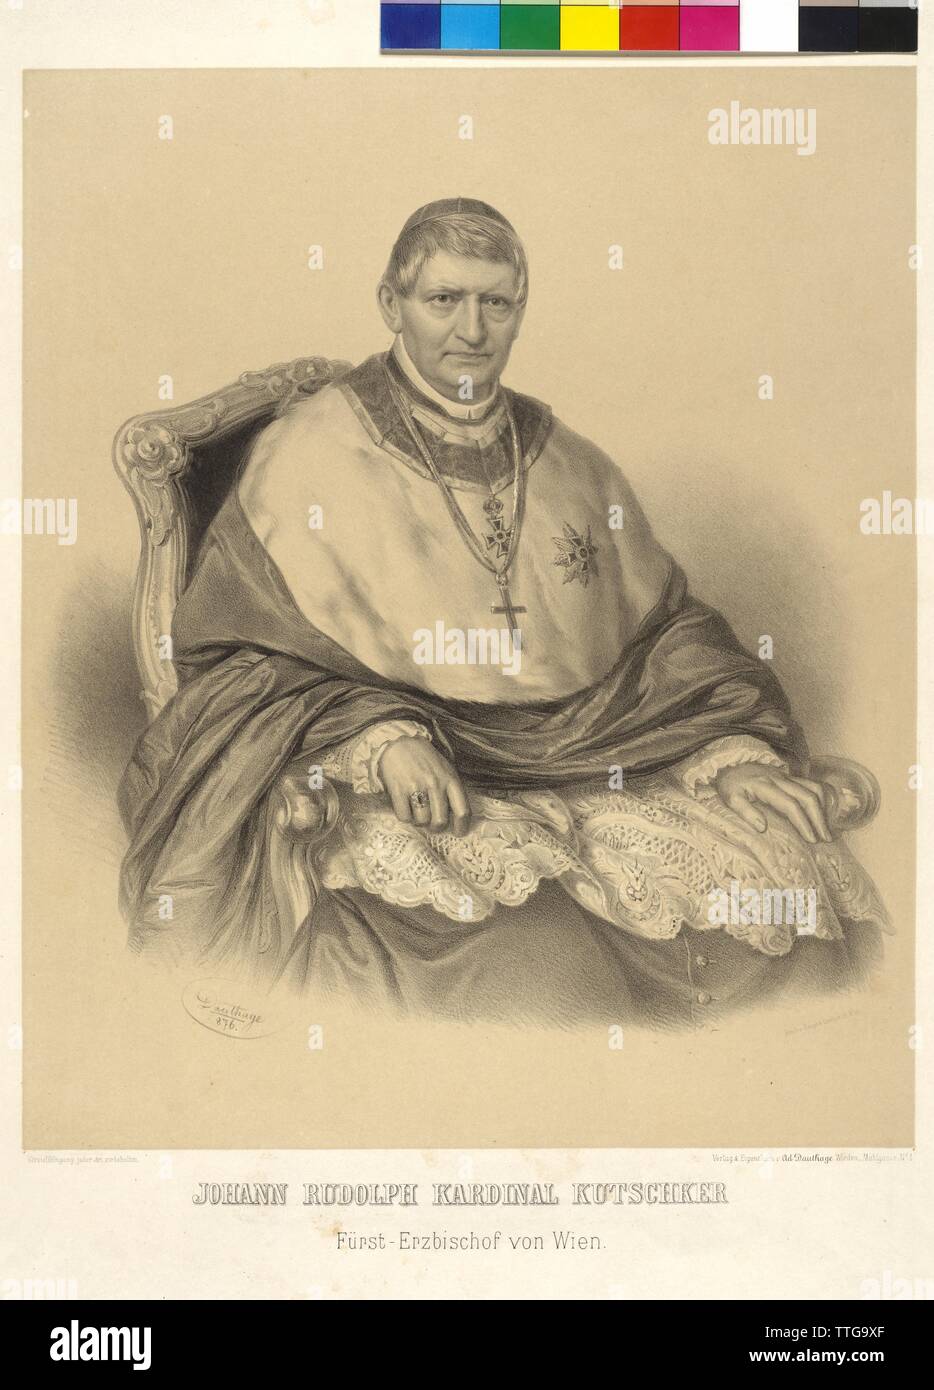 Johann Rudolf cardinal Kutschker prince-archevêque de Vienne, lithographie de Adolf Dauthage, Additional-Rights Clearance-Info-Not-Available- Banque D'Images
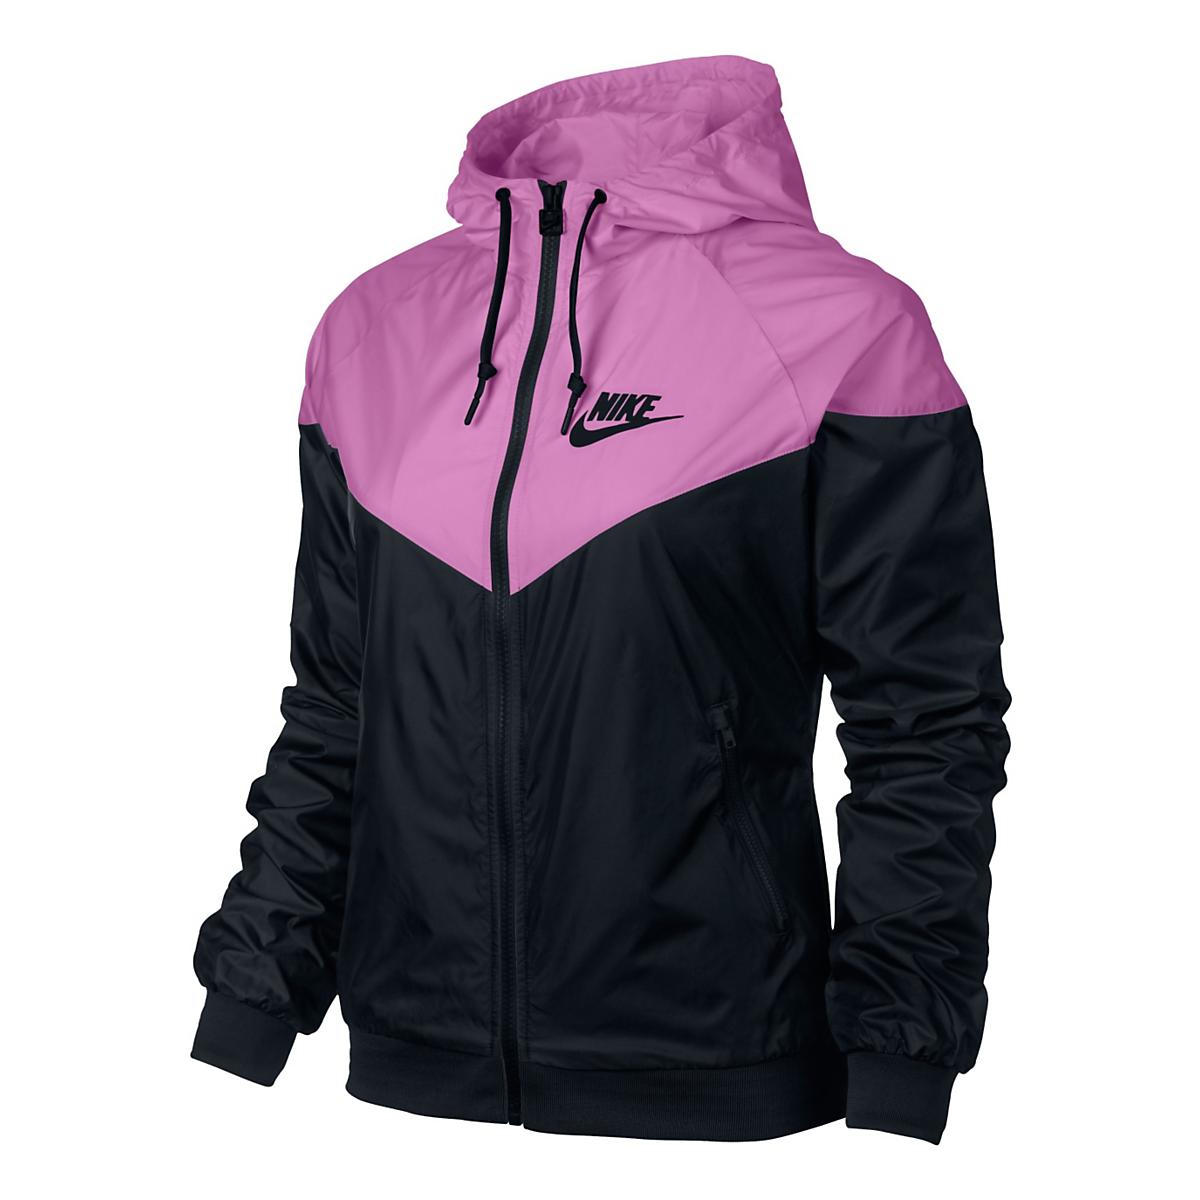 Womens Nike Windrunner Running Jackets at Road Runner Sports
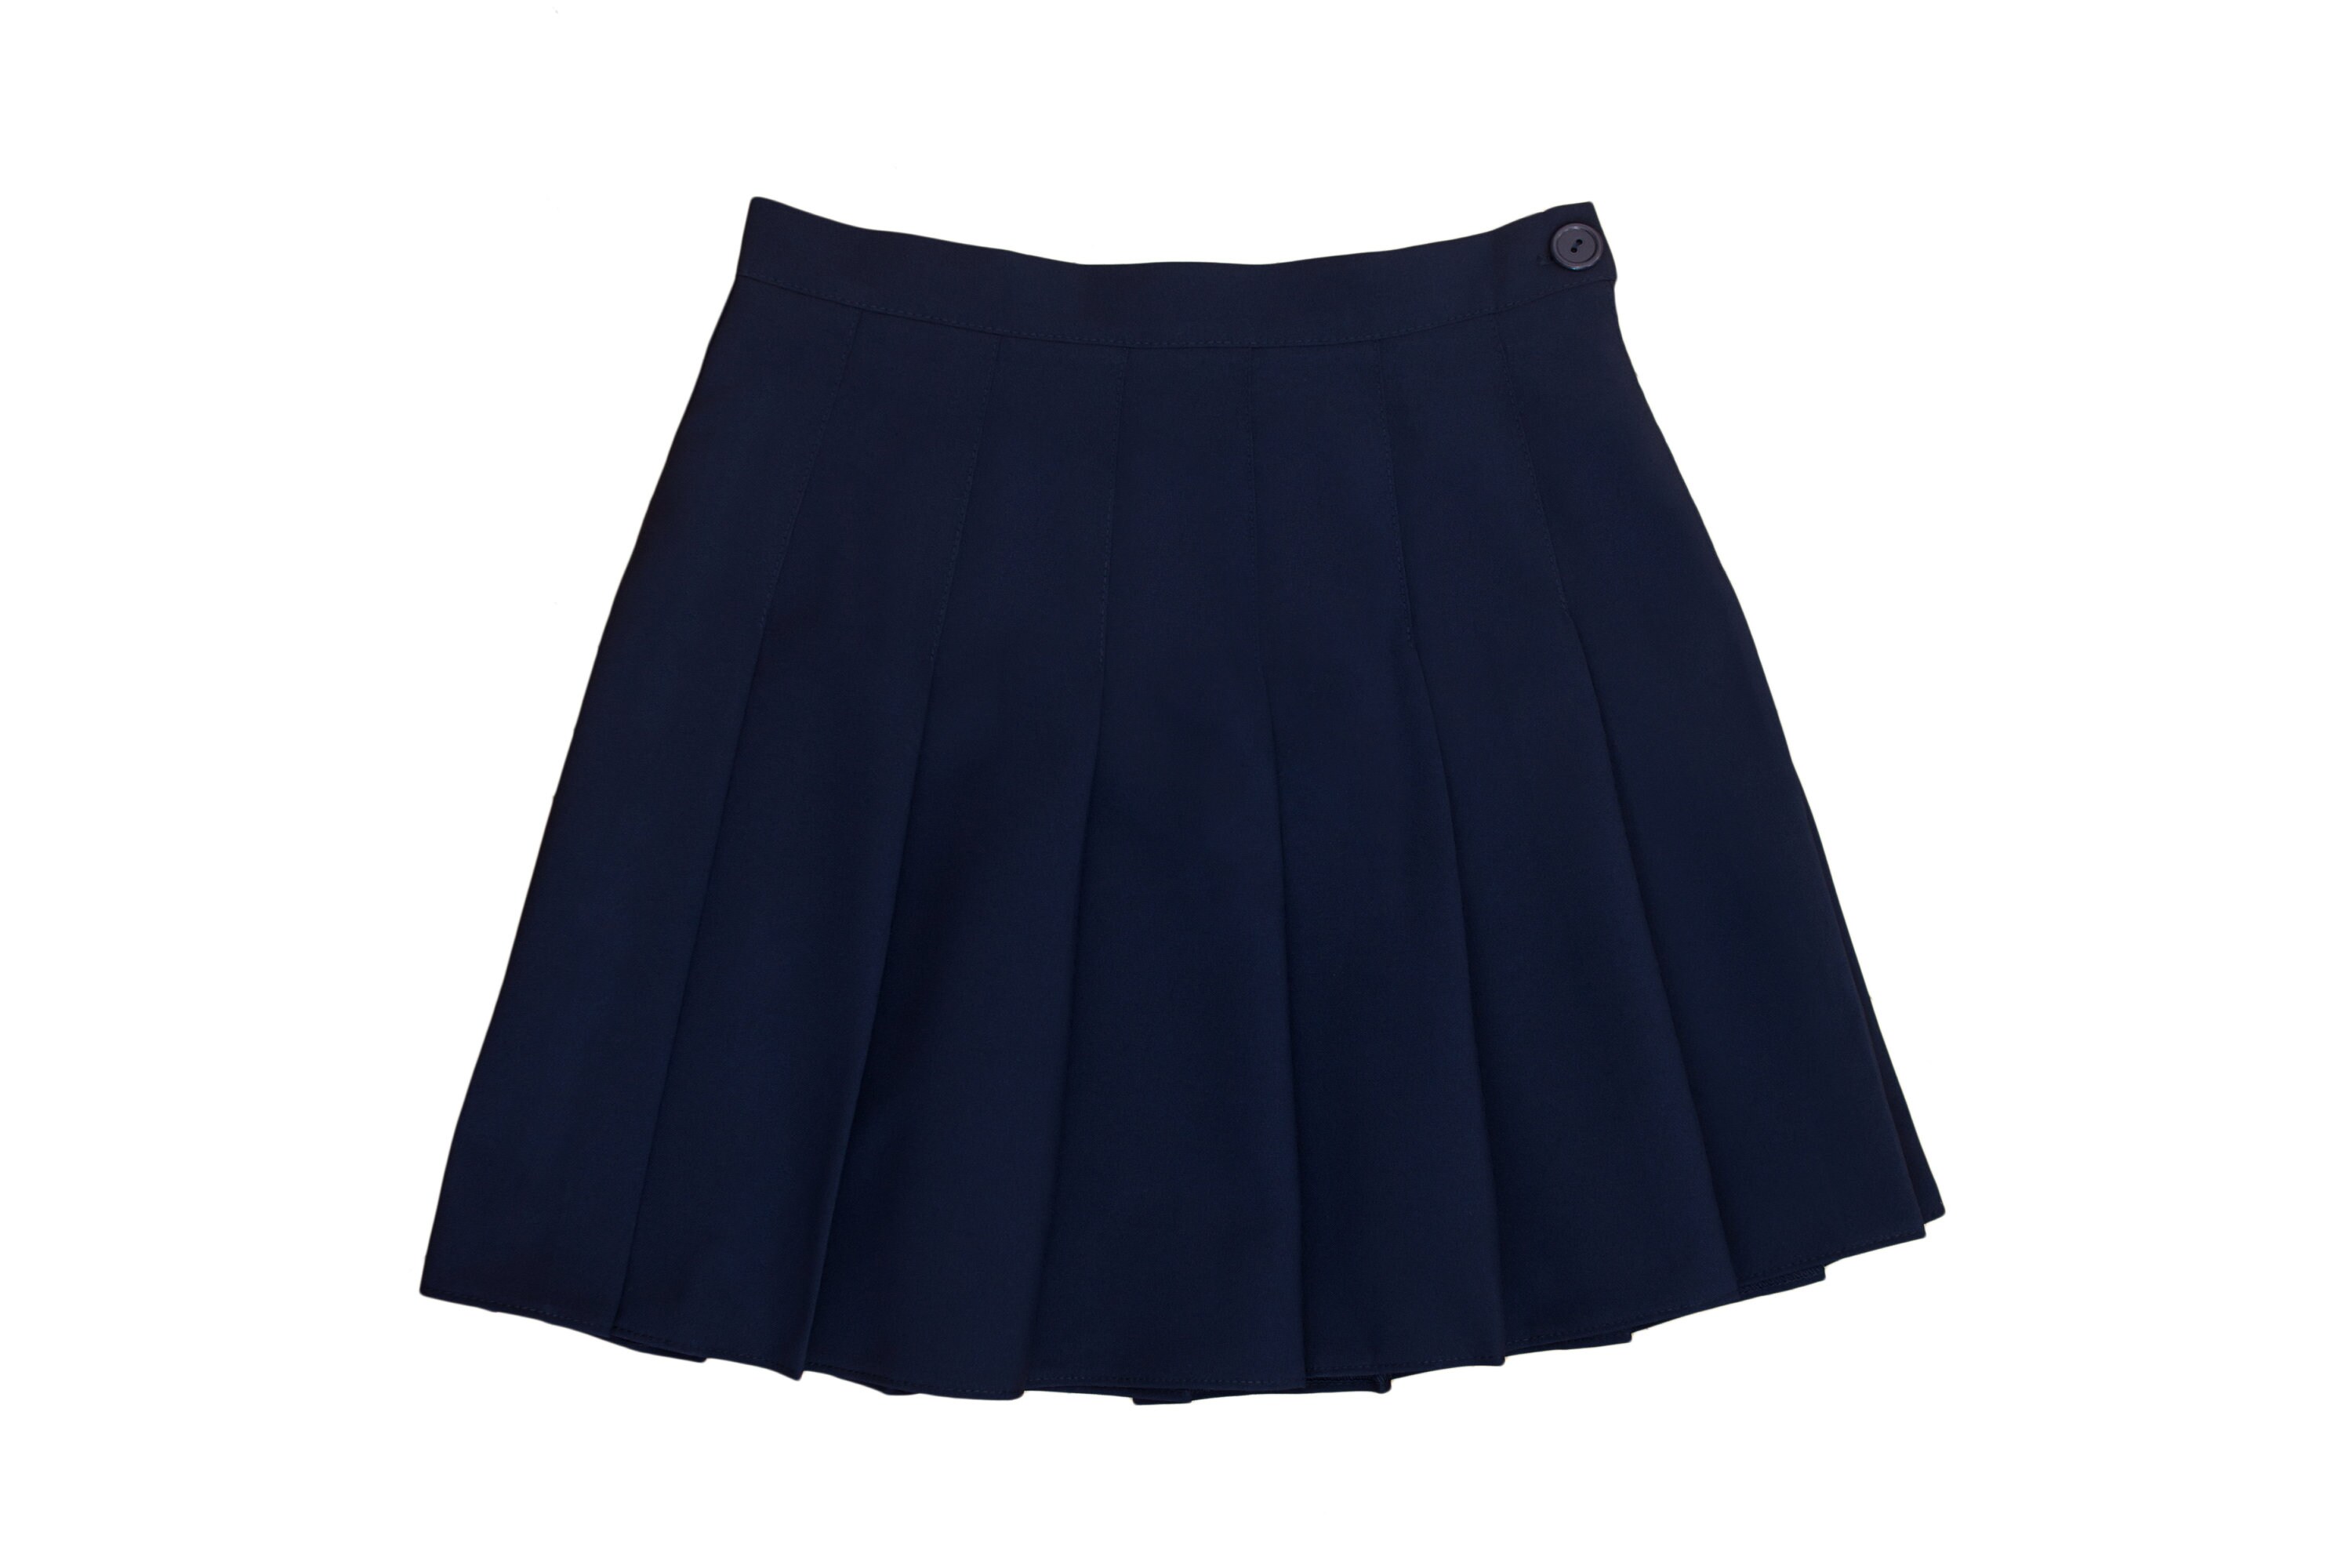 tennis skirt navy blue dark deep pomegranate pleated skirt | Etsy
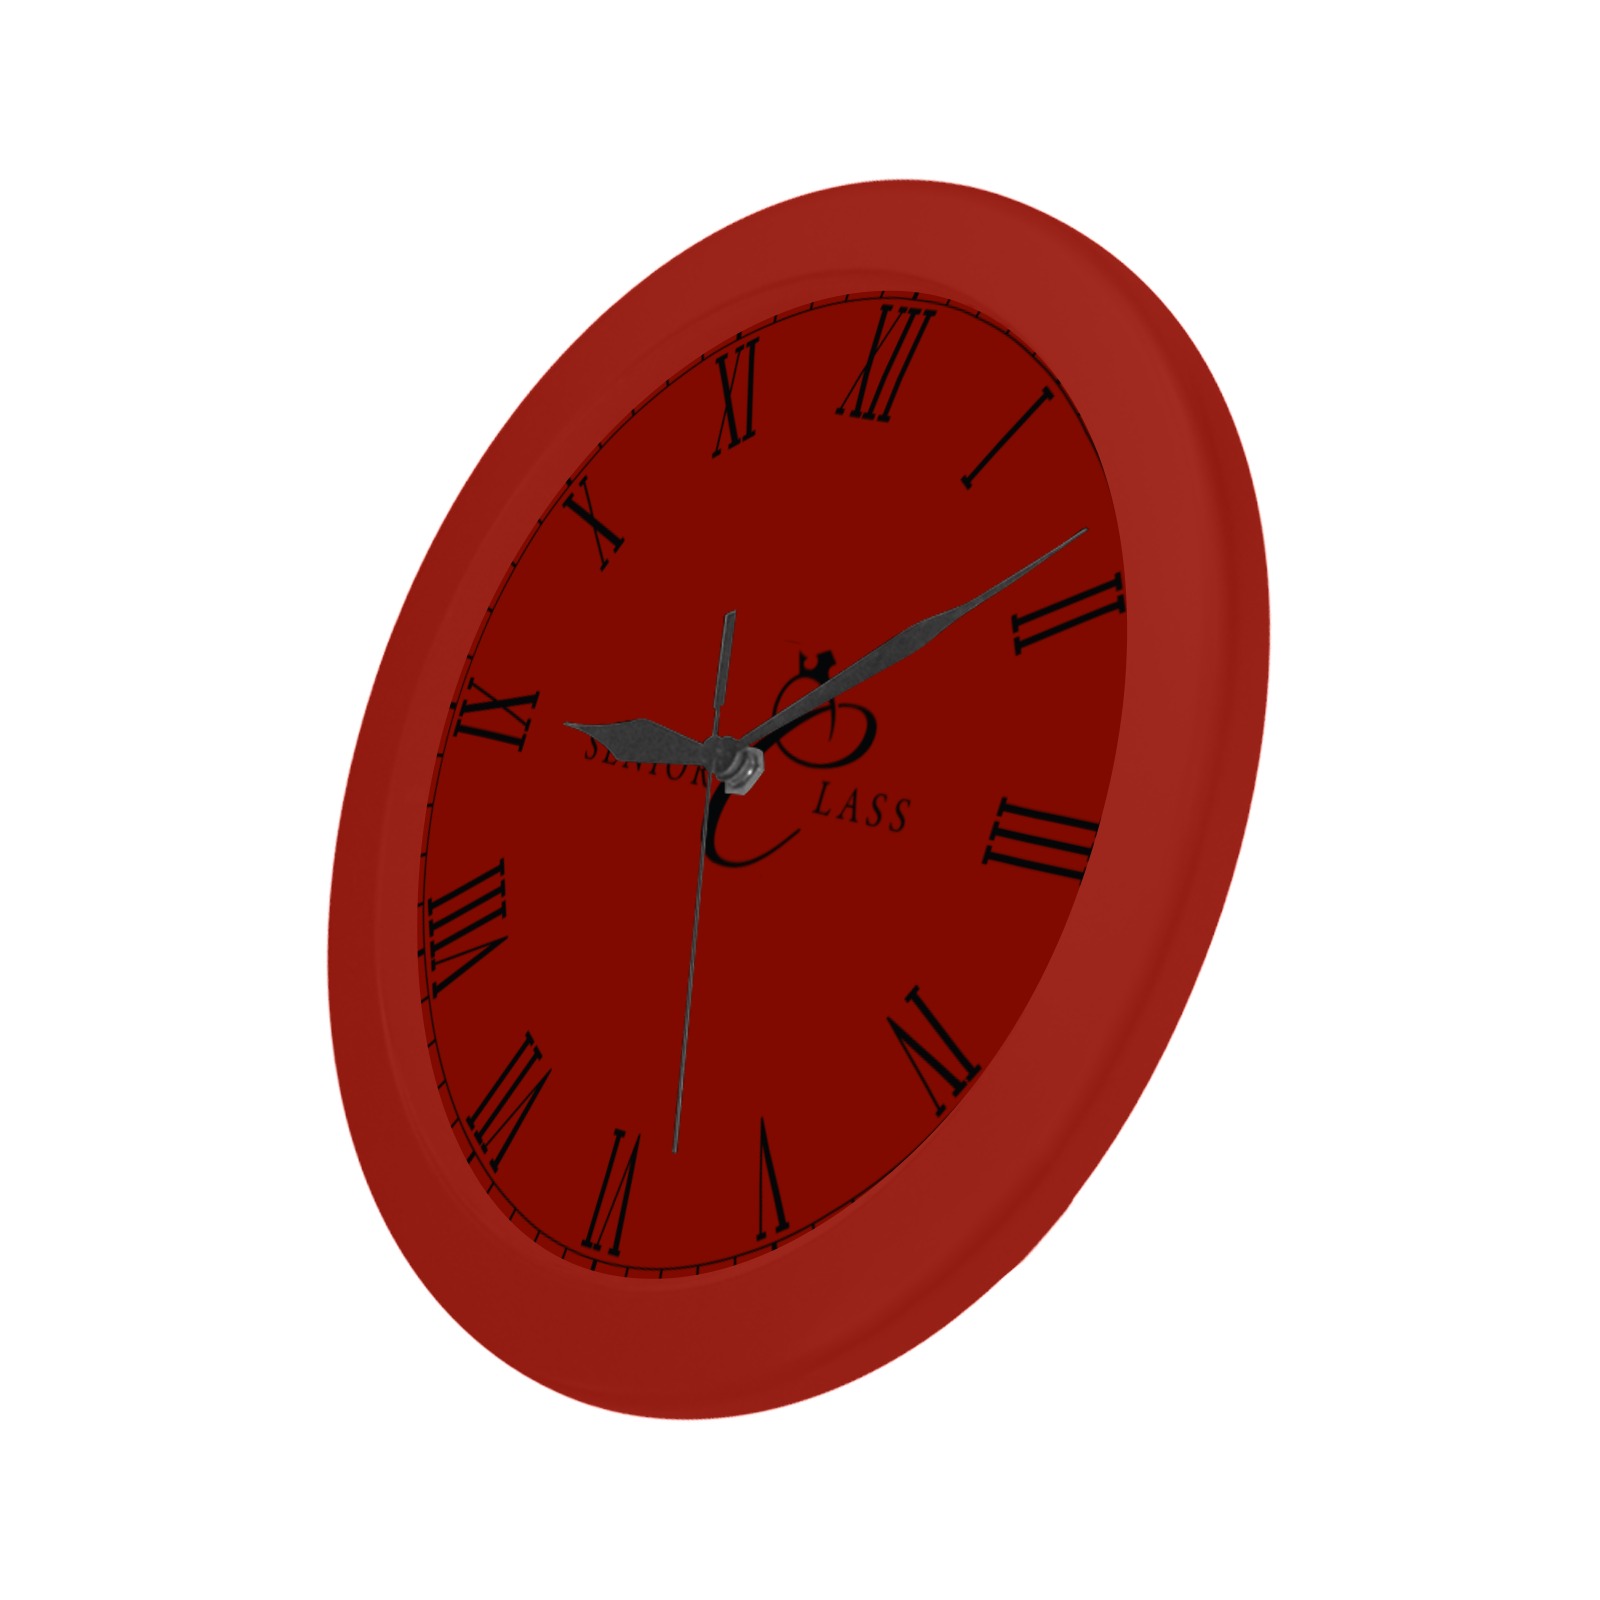 Senior Class Legacy Red Circular Plastic Wall clock

* * *

Skip all pictures. Write out only the lines from the one containing "tennis skirt navy" to the end of the listing above, inclusive, exactly as given.

Exercise result
 tennis skirt navy blue dark deep pomegranate pleated skirt | Etsy
 Senior Class Legacy Red Circular Plastic Wall clock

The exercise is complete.